(THE PROBLEM)
Would you please set down the data again exactly as given, excluding the pictures?

(DATA TO PROCESS)
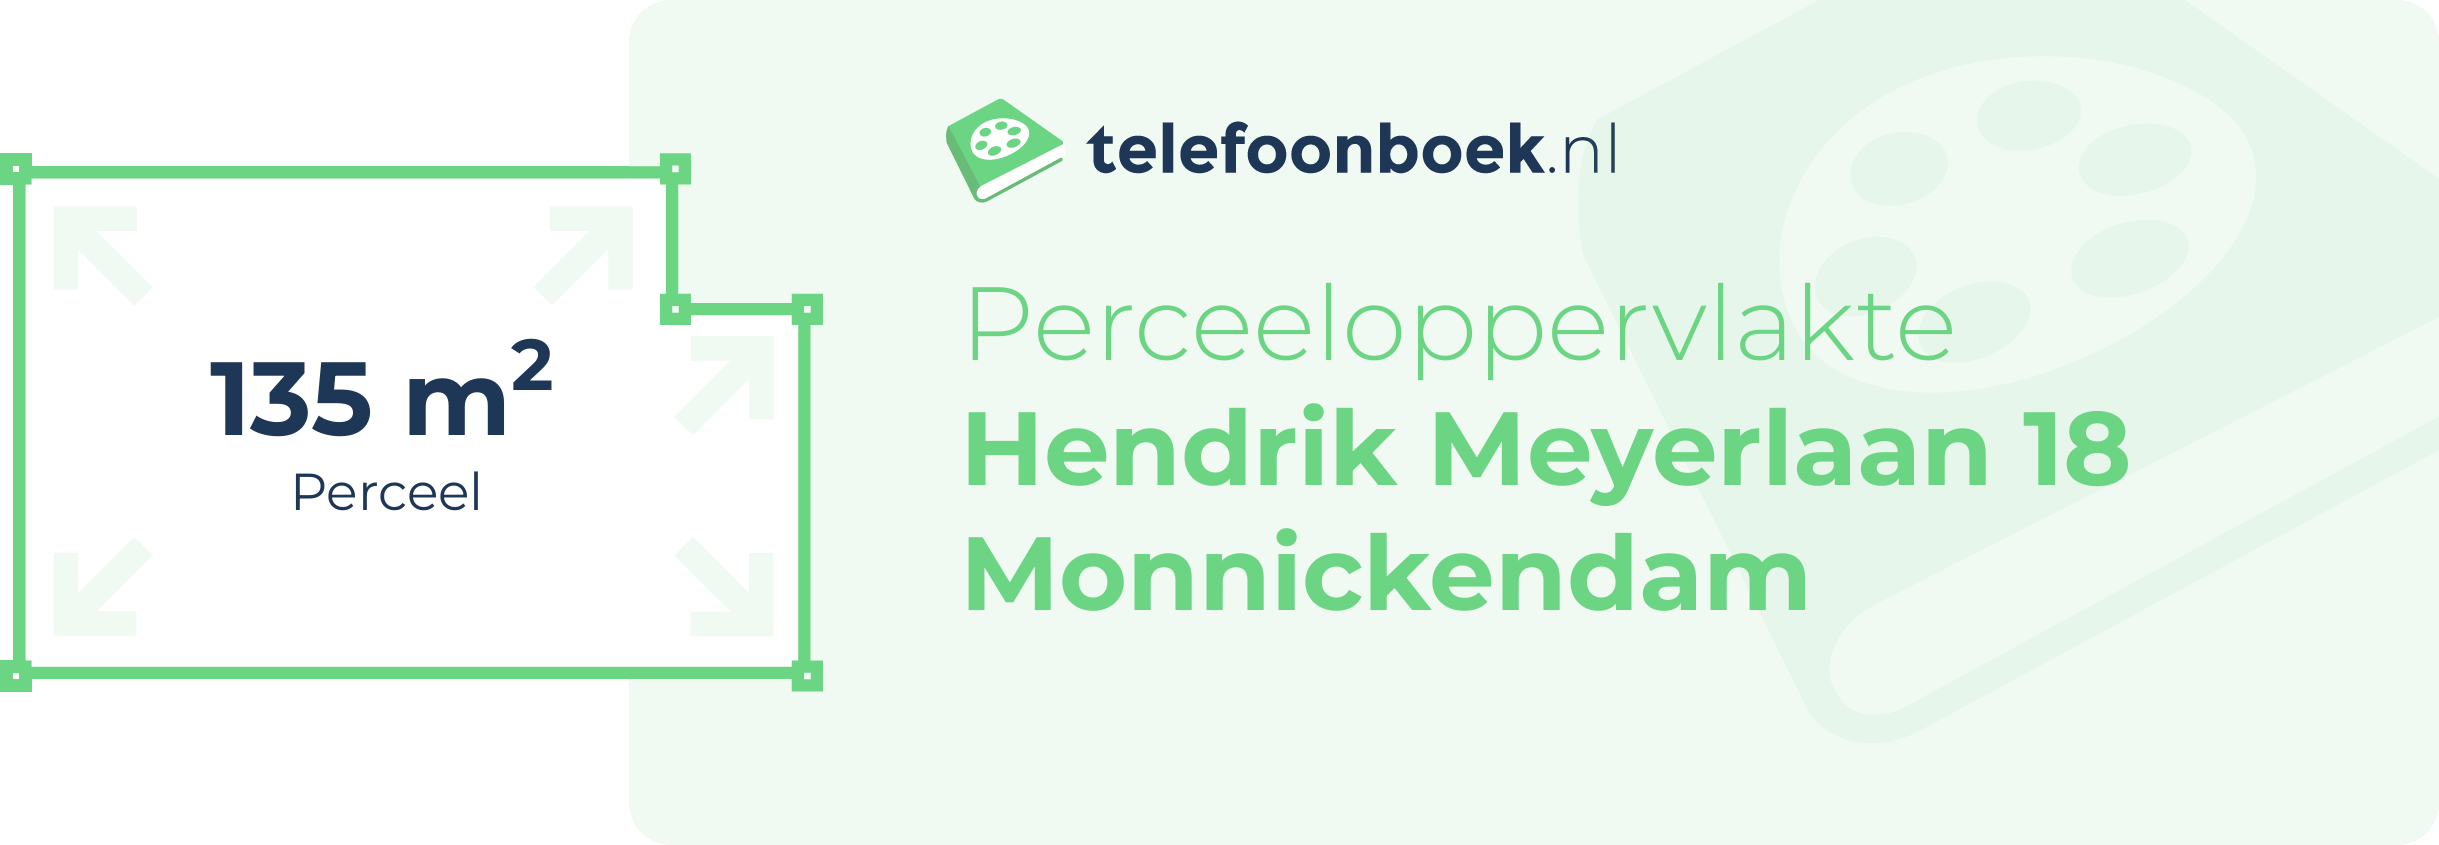 Perceeloppervlakte Hendrik Meyerlaan 18 Monnickendam
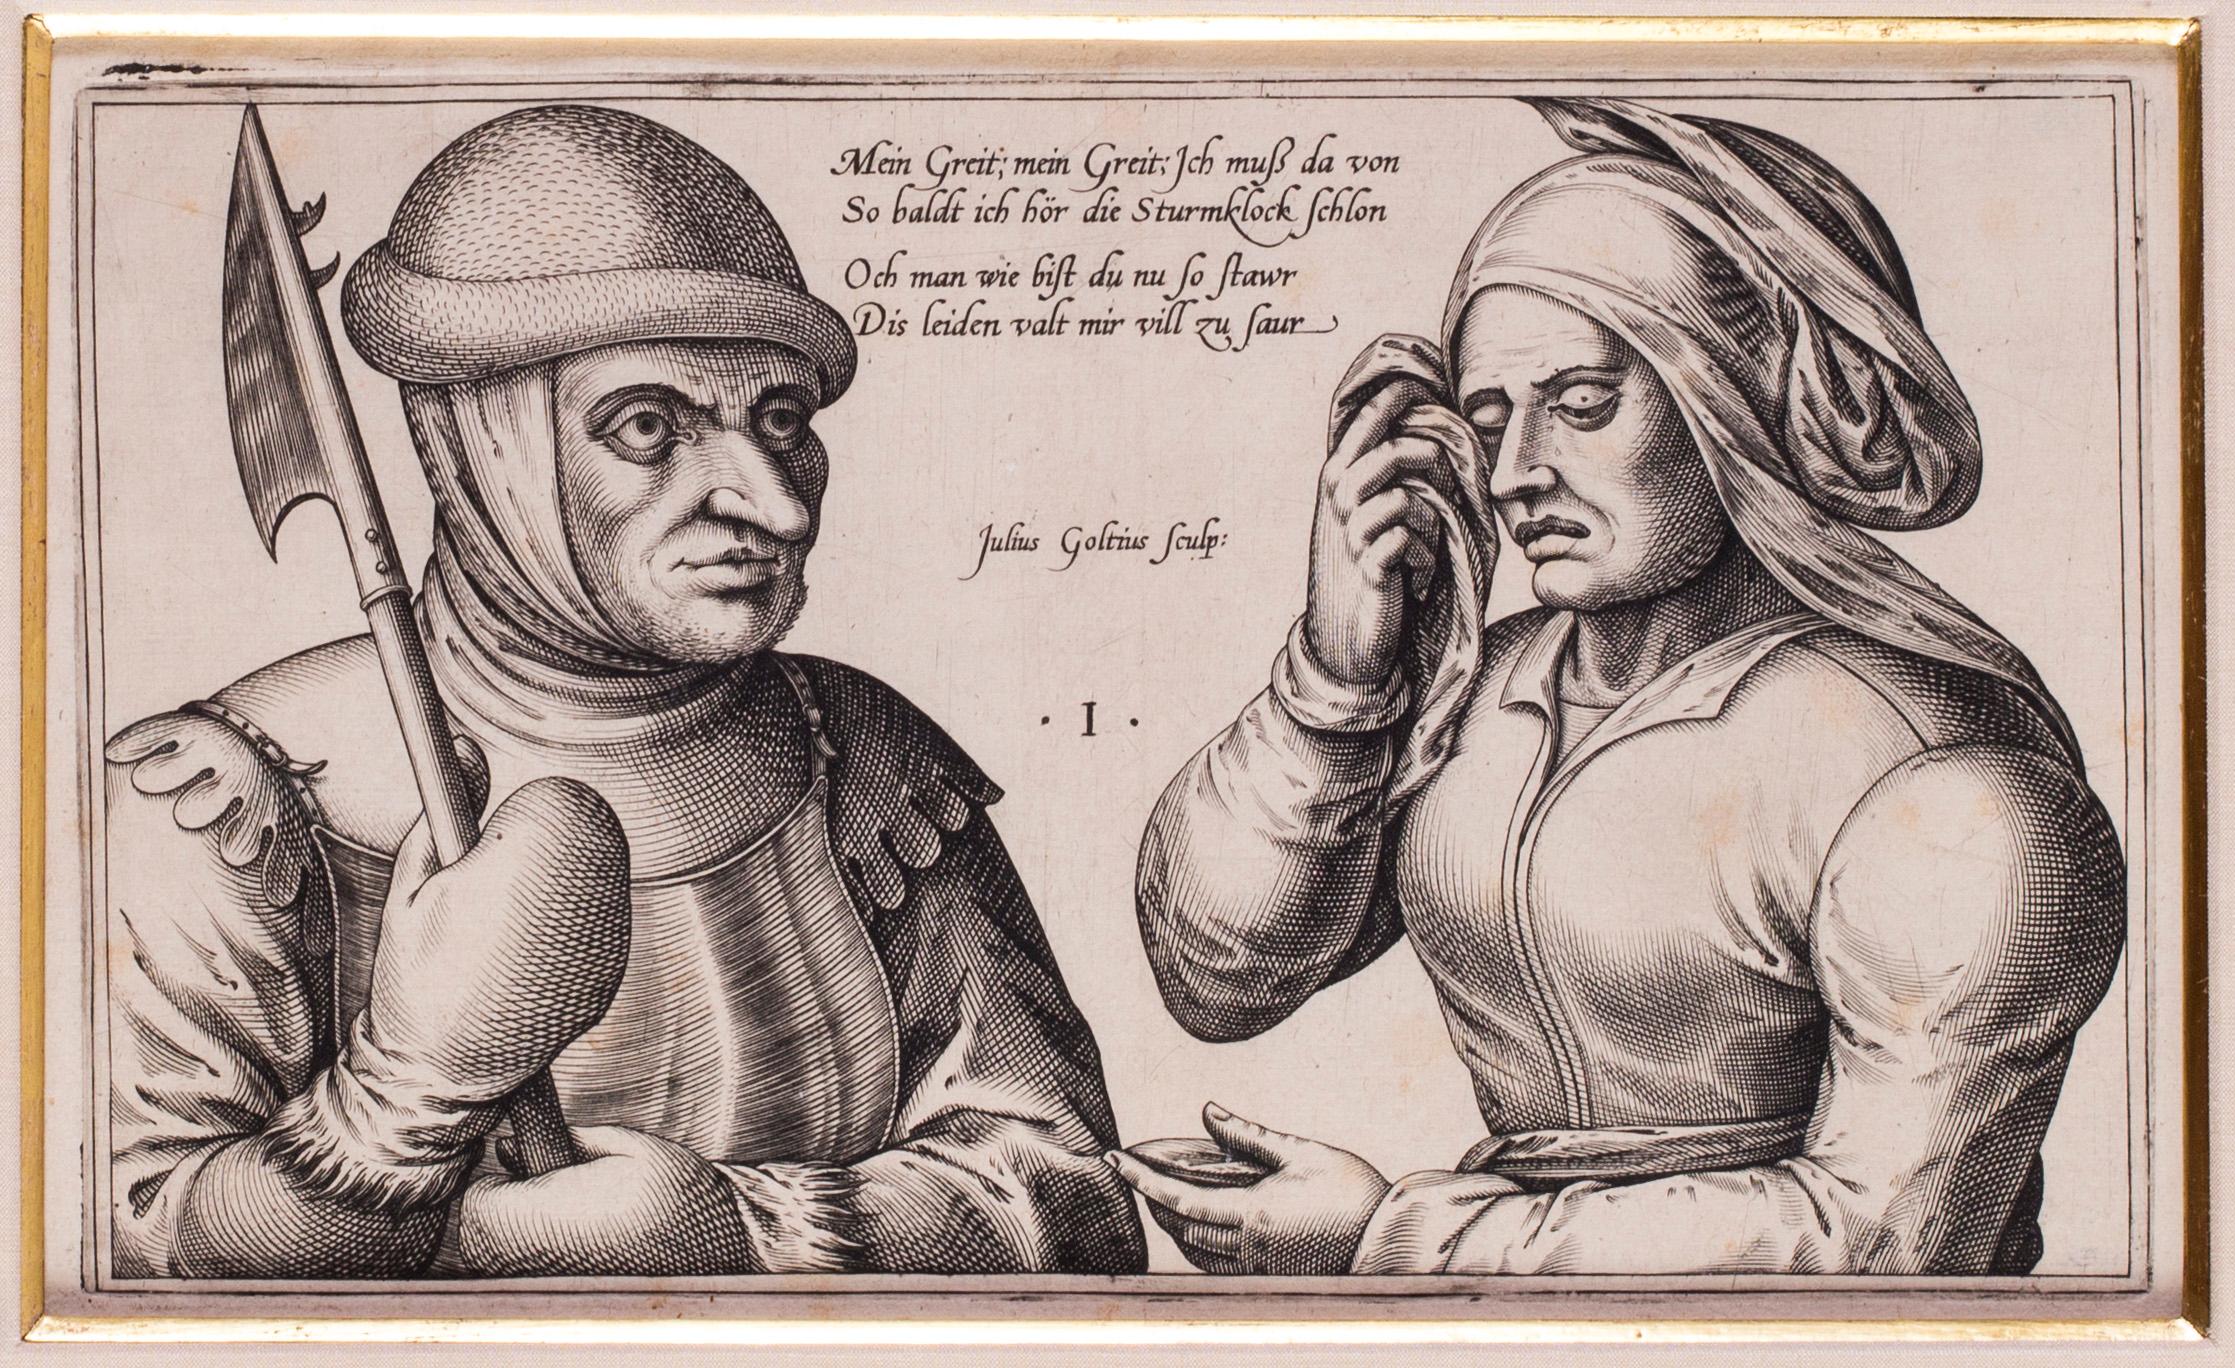 Julius Goltzius (Néerlandais c.1550-1595)
Mein Greit ; Mein Greit
Gravure
6.5/8 x 11.3/8 in. (16,8 x 29 cm.) (mesuré au bord de l'enveloppe)
Christie's a suggéré que cette impression date du début du 17ème siècle.  
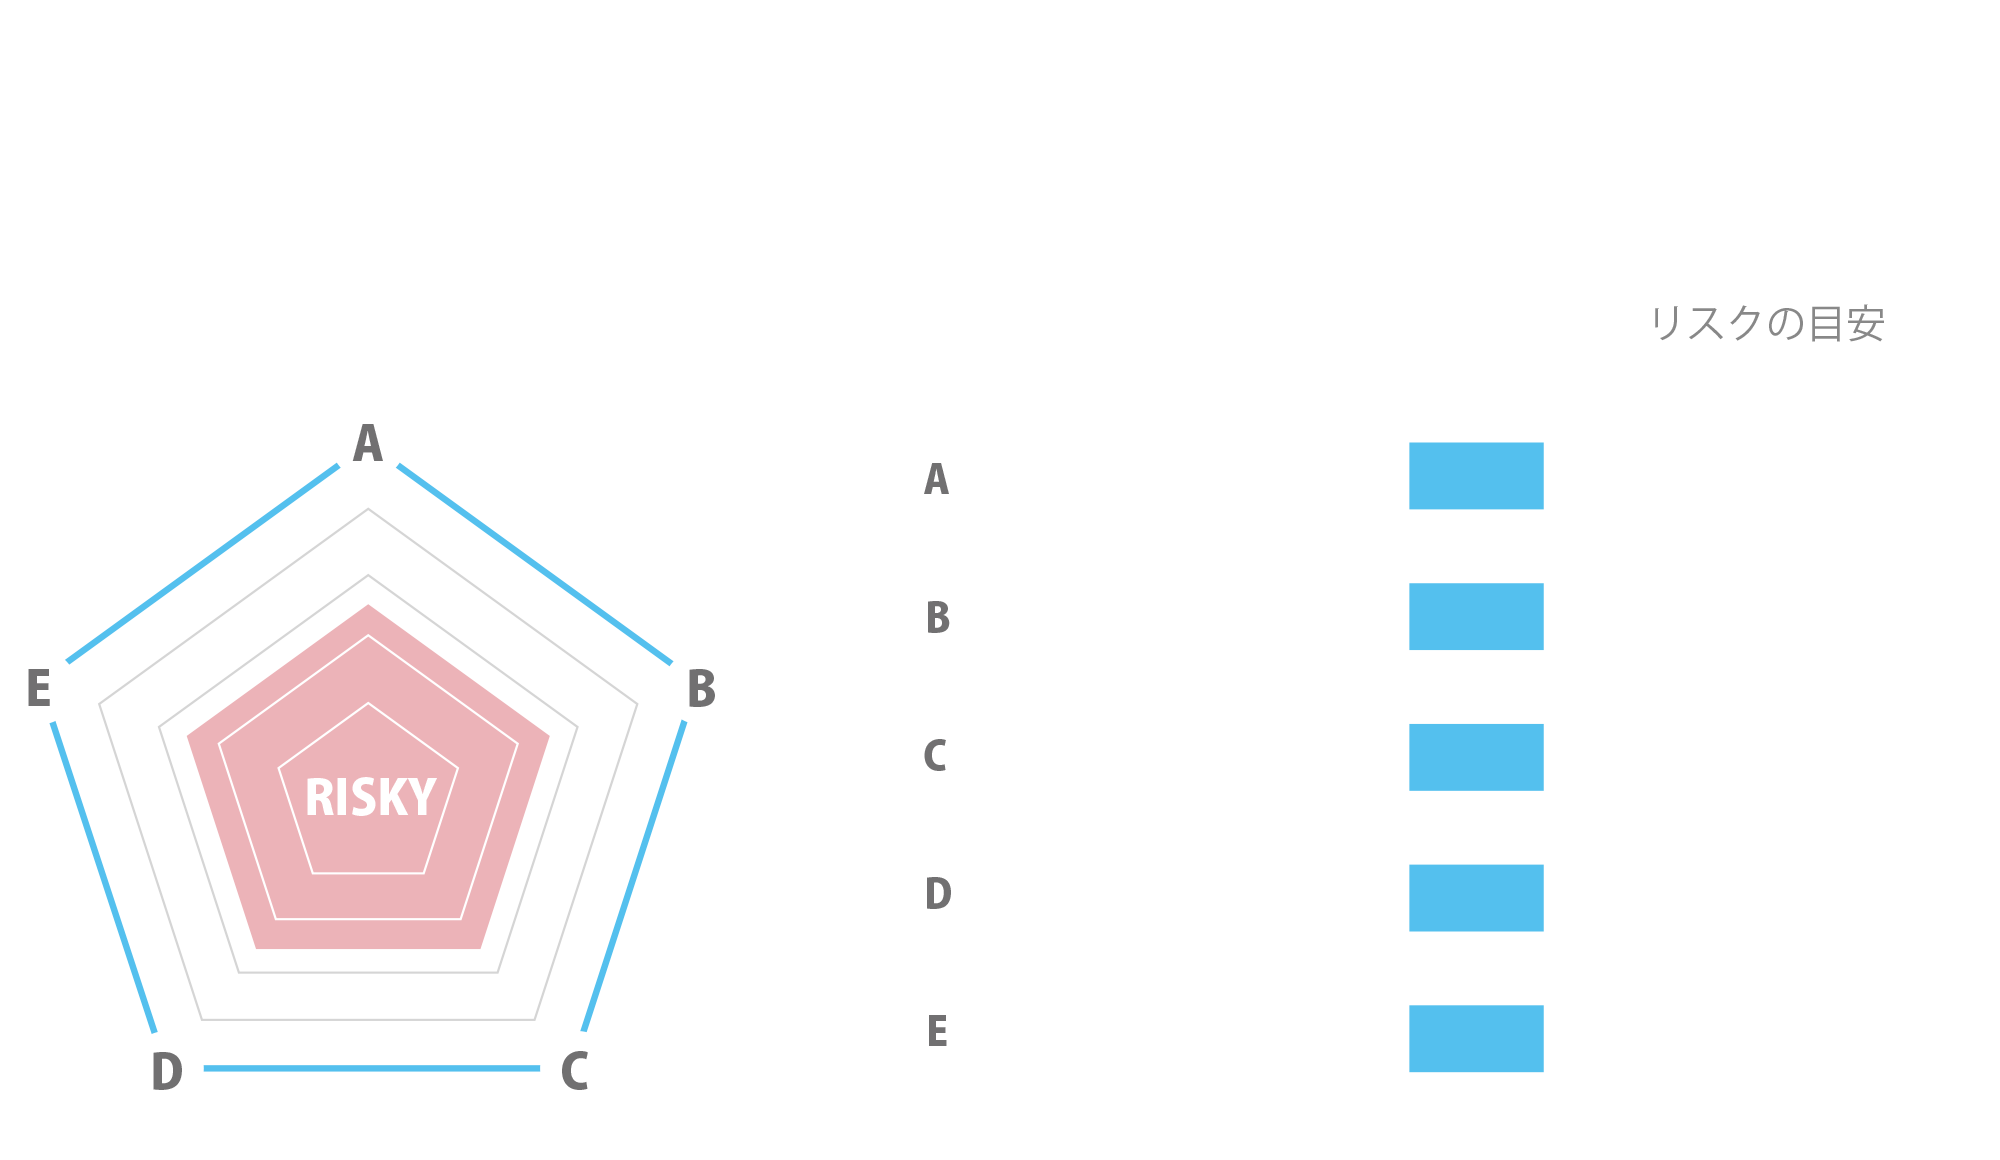 100/100 SAFETY SCORE

(SOLVED EXERCISE)
 Perceeloppervlakte Hendrik Meyerlaan 18 Monnickendam
 Julius Goltzius (Néerlandais c.1550-1595)
Mein Greit ; Mein Greit
Gravure
6.5/8 x 11.3/8 in. (16,8 x 29 cm.) (mesuré au bord de l'enveloppe)
Christie's a suggéré que cette impression date du début du 17ème siècle.  
 100/100 SAFETY SCORE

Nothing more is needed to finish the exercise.